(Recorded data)
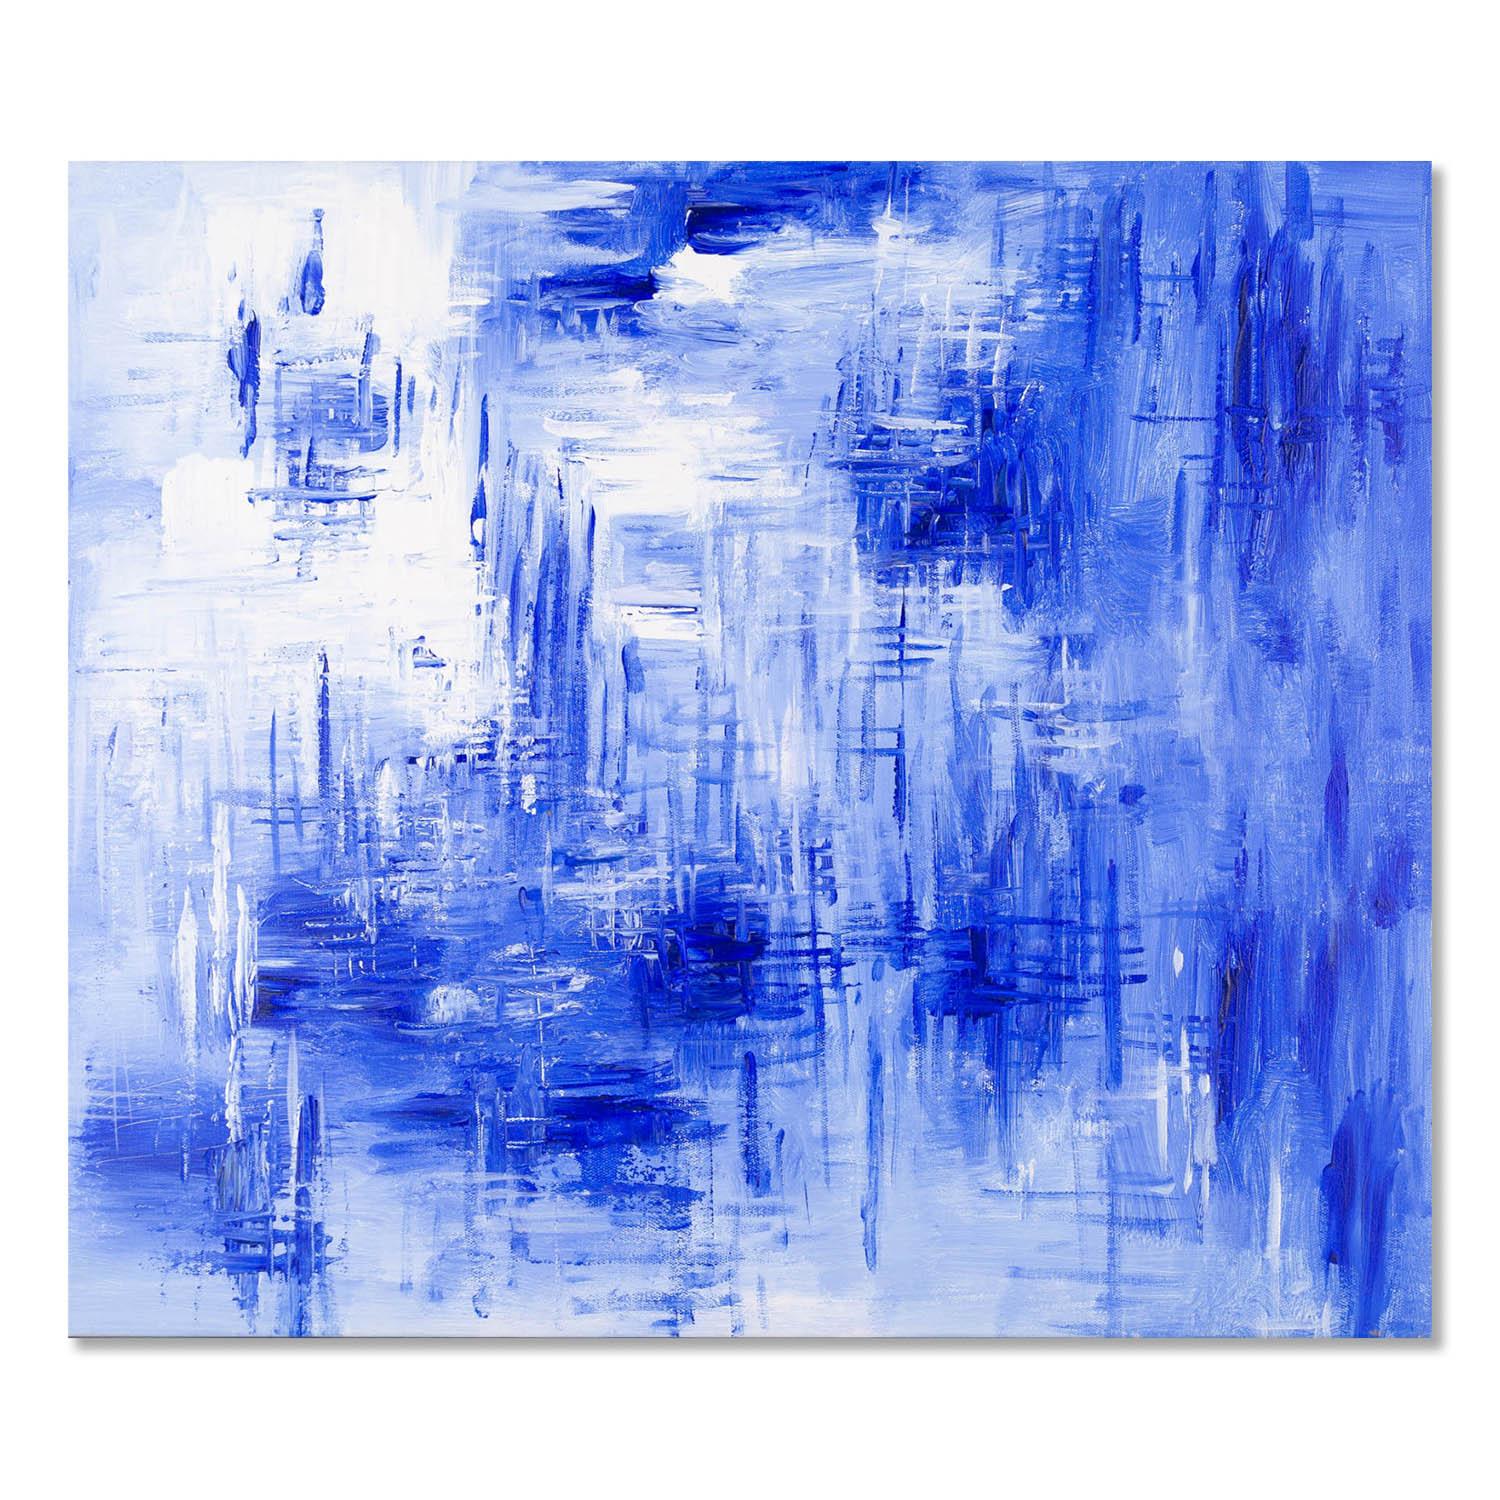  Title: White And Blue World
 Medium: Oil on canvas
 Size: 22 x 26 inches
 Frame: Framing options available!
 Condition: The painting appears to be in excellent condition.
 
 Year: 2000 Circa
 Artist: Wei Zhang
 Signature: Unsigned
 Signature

- Exercise goal
Please set down each line of the data above exactly as written, without the pictures.

- Answer for this exercise
  Title: White And Blue World
 Medium: Oil on canvas
 Size: 22 x 26 inches
 Frame: Framing options available!
 Condition: The painting appears to be in excellent condition.
 
 Year: 2000 Circa
 Artist: Wei Zhang
 Signature: Unsigned
 Signature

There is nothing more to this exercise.